**Materials provided**.

——————————

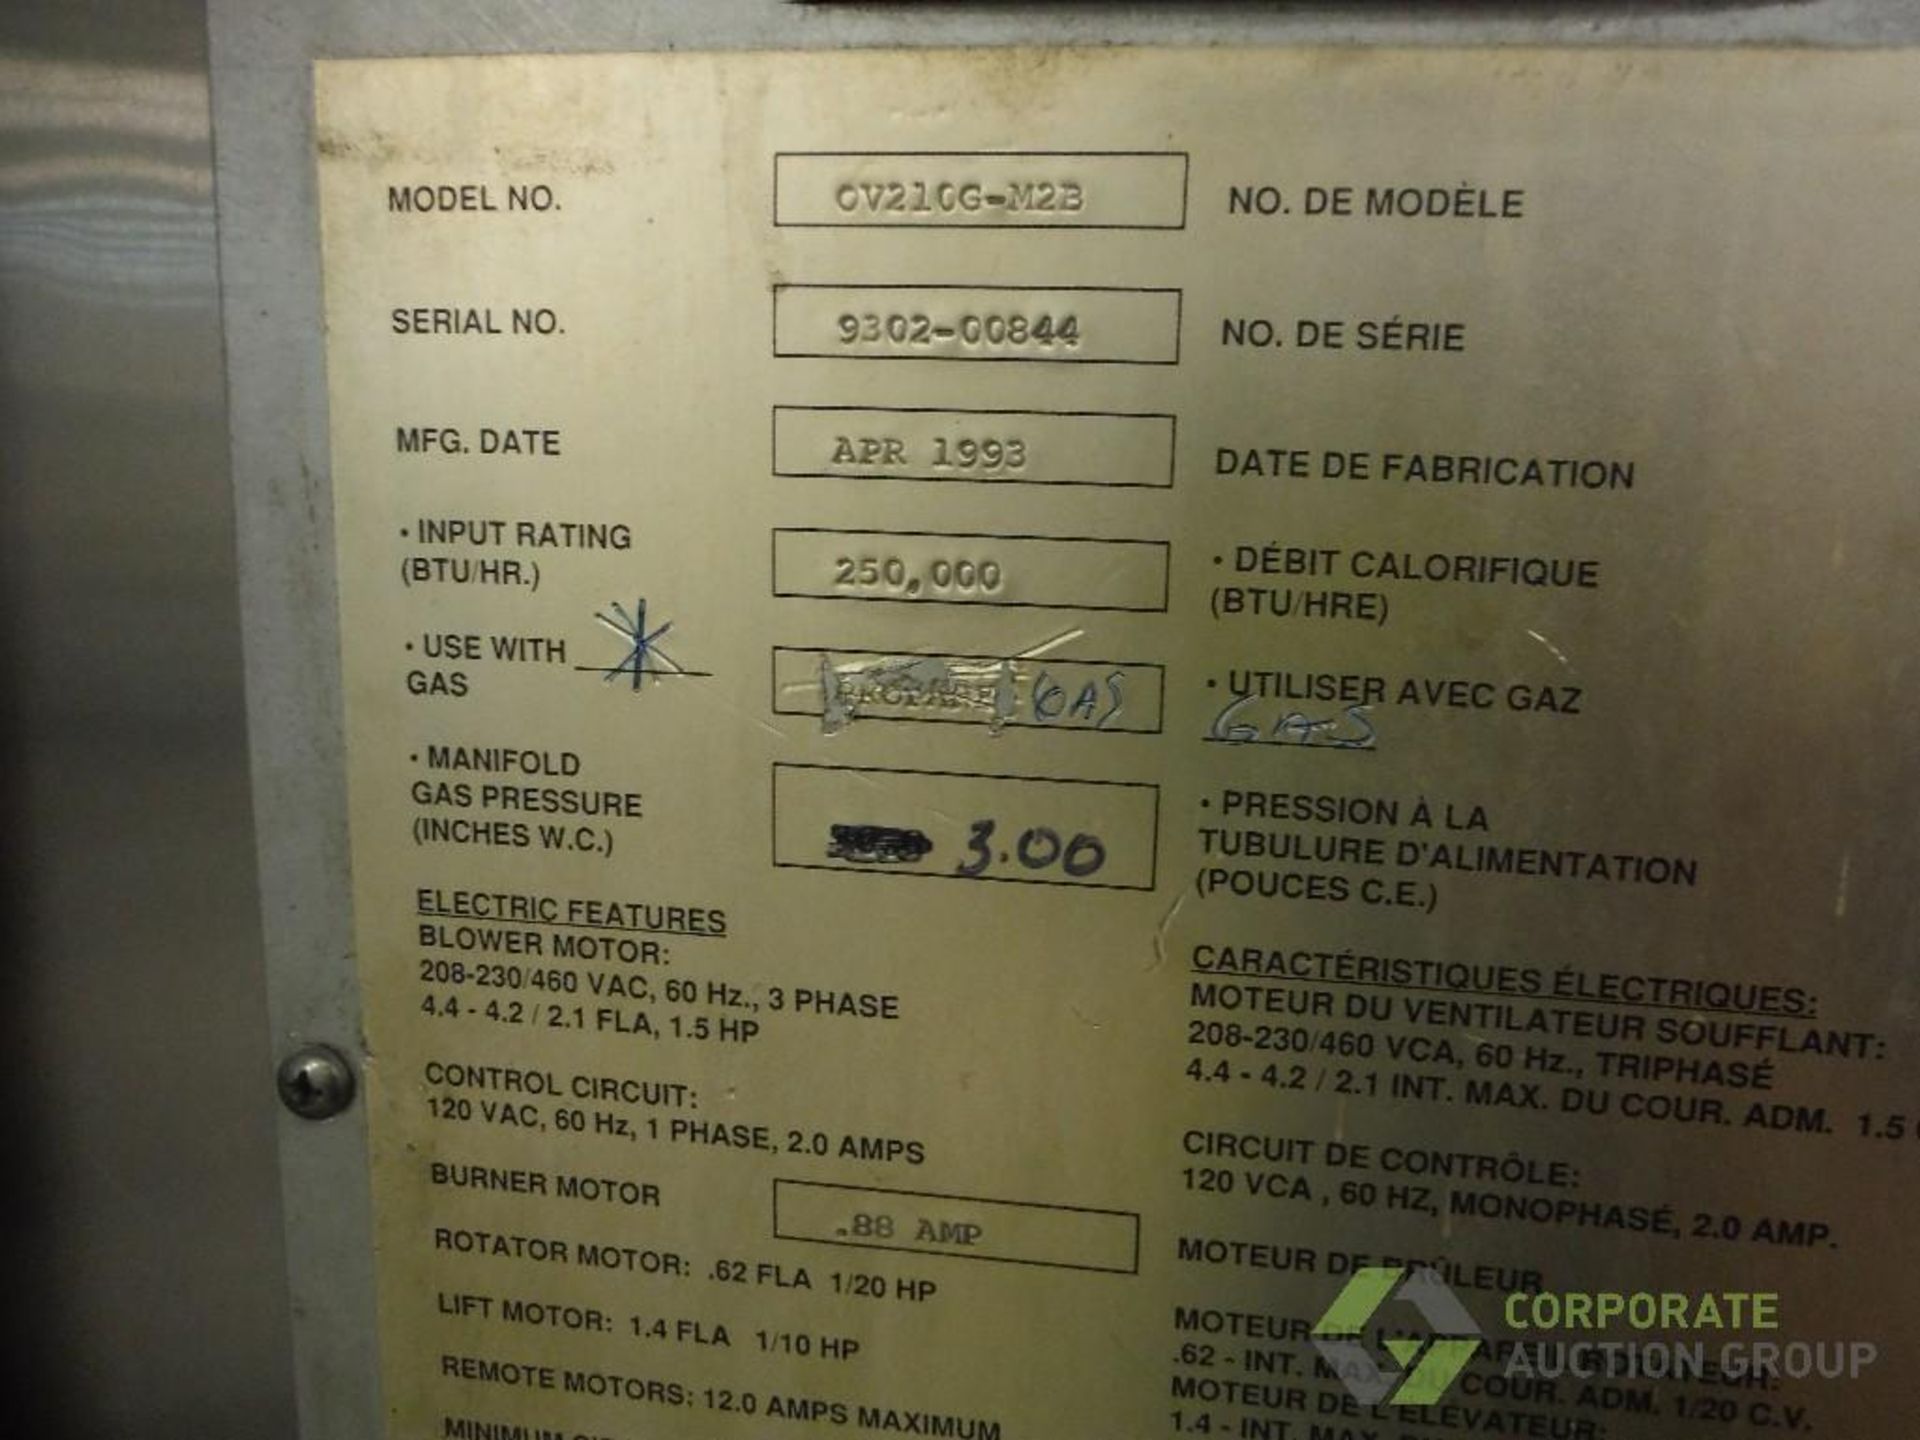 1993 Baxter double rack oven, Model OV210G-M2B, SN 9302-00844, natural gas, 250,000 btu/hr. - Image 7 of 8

——————————

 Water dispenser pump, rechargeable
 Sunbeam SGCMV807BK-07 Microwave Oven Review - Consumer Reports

——————————

**Work request**. All lines above from the line with "Water dispenser pump, rechargeable" through the line with "Sunbeam SGCMV807BK-07 Microwave", both included, are to be set down exactly, with nothing else.

**Written response**.
 Water dispenser pump, rechargeable
 Sunbeam SGCMV807BK-07 Microwave Oven Review - Consumer Reports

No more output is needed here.